Duyduk ki bu sene sansür kapsamını daha da genişletip  “cinsiyet, cinsel yönelim ve etnik köken” ifadelerini metinden çıkarmaya çalışıyorlarmış. Beş günde on kadın cinayeti haberi aldığımız kadın düşmanlığına ve Kürt halkının seçme seçilme hakkını gasp etmeye çalıştıkları kayyım dönemine uygun buldukları sansür de bu demekki. Şimdilik Ankara Yıldırım Beyazıt ve Abant İzzet Baysal olmak üzere iki Tıp Fakültesi’nden bu yönde haberler basına yansıdı. Öğrenciler de hemen açıklama yaparak evrensel değerlere sahip çıkacaklarını duyurdular, meslek onurunu korudular, göğsümüzü kabarttılar.

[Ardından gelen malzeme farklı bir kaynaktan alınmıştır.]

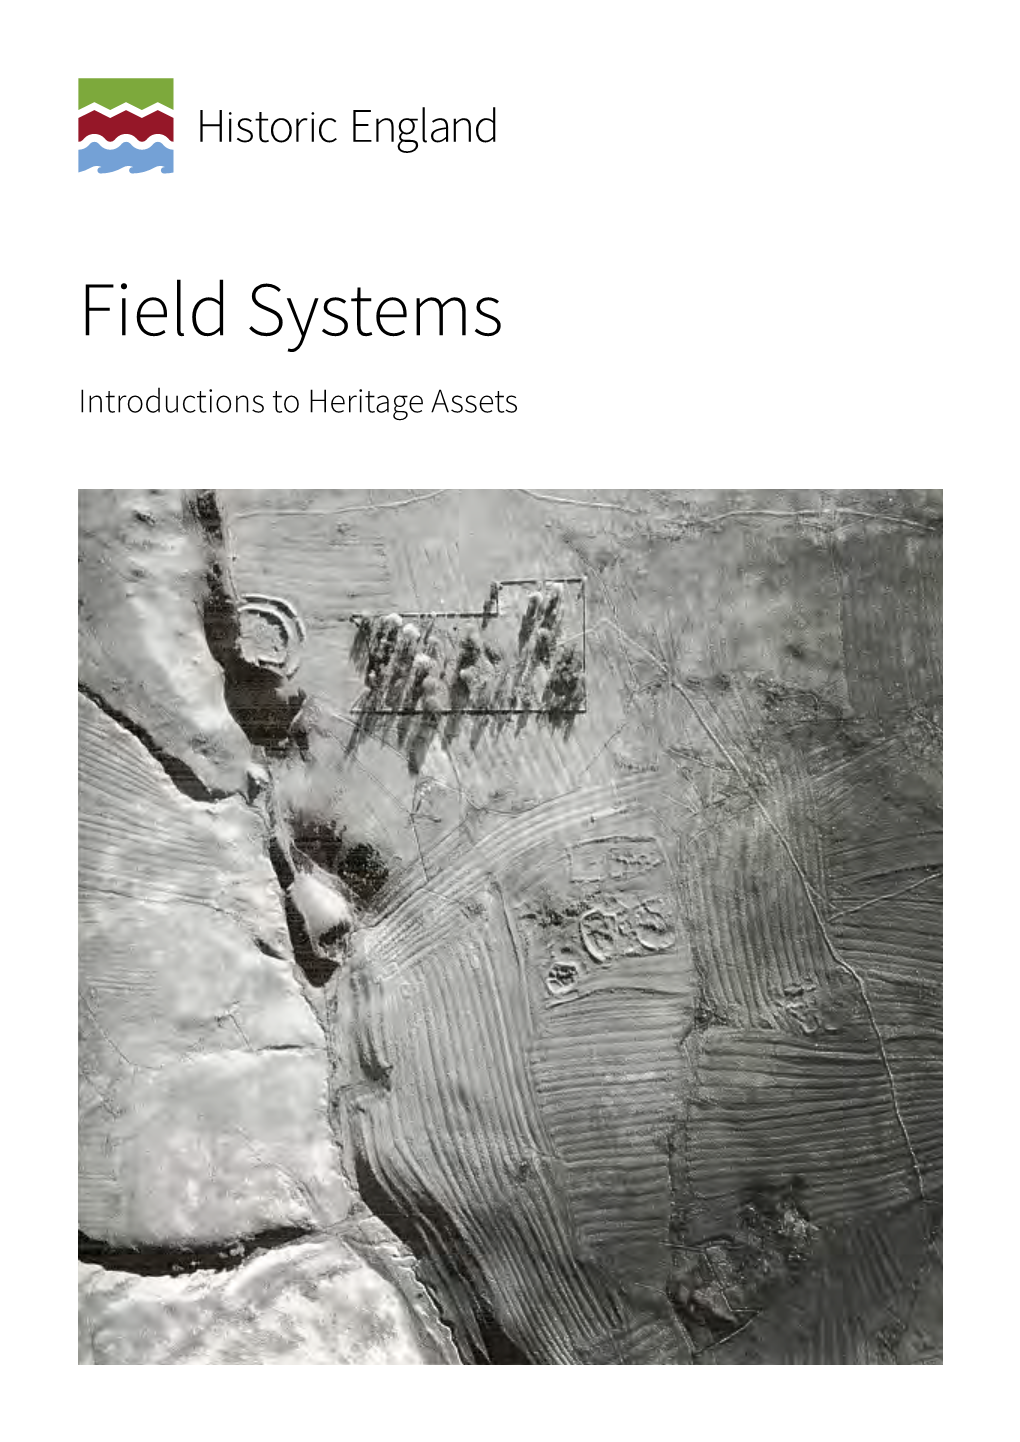 Introductions to Heritage Assets: Field Systems

Peki bu çağdışı yaklaşımın uygulayıcısı olmaya çalışanlar kimler? İşte o kısım daha da esef verici; koca koca profesörler. Kendileri de doktor olan, tıp fakültesi yöneticileri bu kişiler. Dünya Sağlık Örgütü, eşcinselliği hastalıklar listesinden çıkaralı neredeyse yarım yüzyıl olmuş(35 yıl) ama hala bu noktadalar. Zamanın da, mesleklerinin de çok gerisindeler. Yeni mezun hekimleri de kendilerine benzetmek istiyorlar ama asla başaramayacaklar. Gerçekler onları yenecek.

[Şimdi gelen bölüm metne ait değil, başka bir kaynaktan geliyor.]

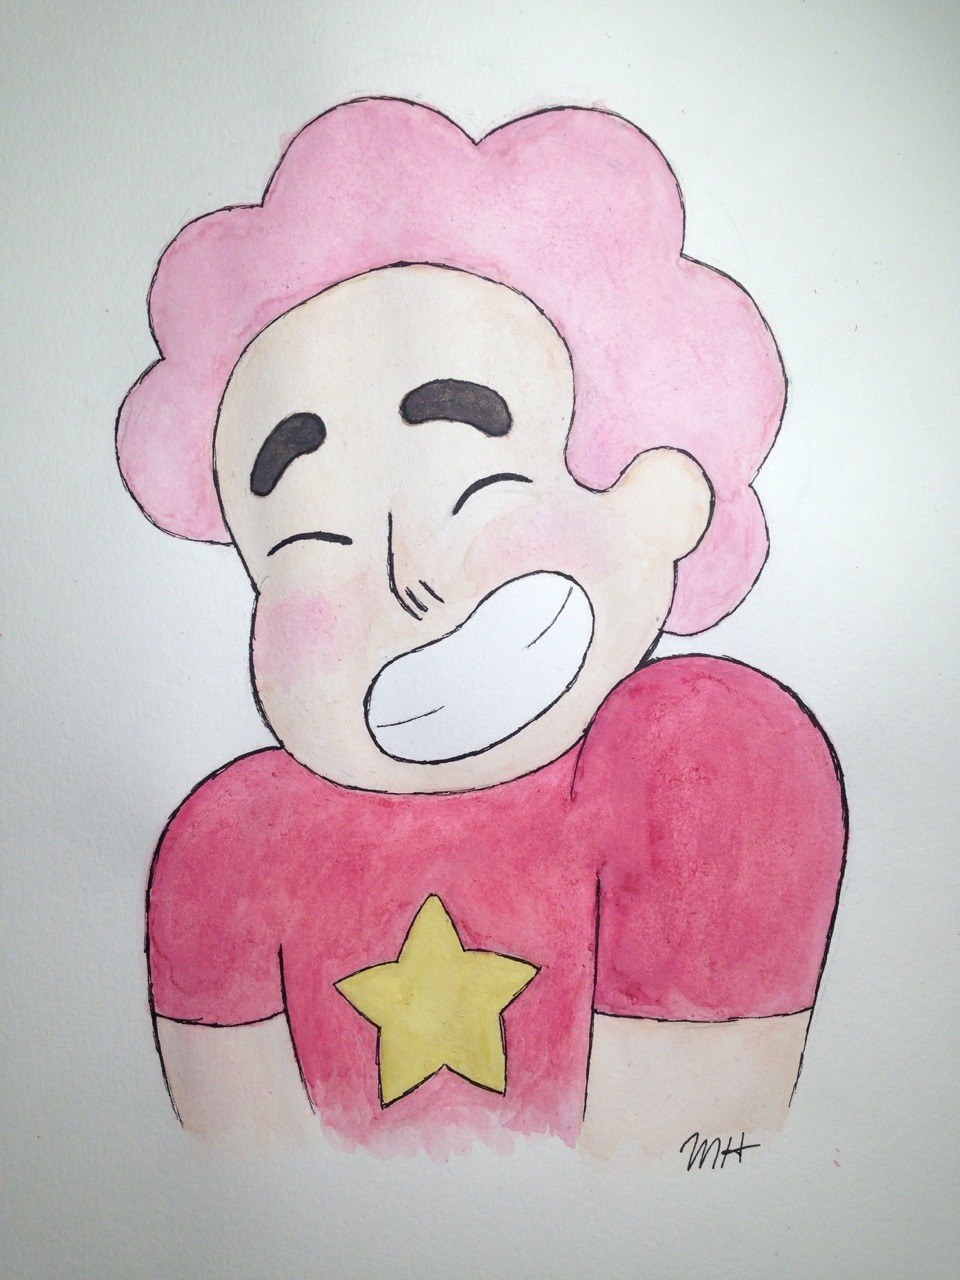 Just a little watercolor I did cause I love pink-haired Steven 😊💖

Gelelim gerçeklere; ILGA-Europe tarafından yayınlanan LGBTIQ+’ların insan hakları alanındaki gelişmelere göre 49 Avrupa ülkesini sıralayan 16. yıllık Gökkuşağı Haritası, çok iyi bir çalışma. Ülkelere göre kıyaslamalı biçimde, hani diyorlar ya tam bir kullanıcı dostu teknikle, gerçekleri gösteriyor. Evet, size yine bir indeks gösteriyorum çünkü kıyaslama iyidir, sadece vahim durumumuzu değil, olumlu örneklerle çözüm yolunu da gösterir. Nitekim haritaya göre Avrupa genelinde otoriterleşme eğilimi ve hak ihlalleri devam ediyor olsa da LGBTİQ+ haklarının korunması için güçlü bir siyasi irade de var. Nefret suçu ve cinsel yönelim, cinsiyet kimliği ve cinsiyet özelliklerine dayalı nefret söylemi Belçika, Danimarka, İzlanda, Malta, İspanya ve Birleşik Krallık'ın bazı bölgelerinde yasak. Ve birçok başka ülke LGBTIQ+’ların eşitliğini taahhüt eden yeni eylem planları başlatıyor. Sonuçta yıllara göre skorlama tablosunda hep bir ileriye gidiş var, siz de inceleyebilirsiniz (https://rainbowmap.ilga-europe.org/).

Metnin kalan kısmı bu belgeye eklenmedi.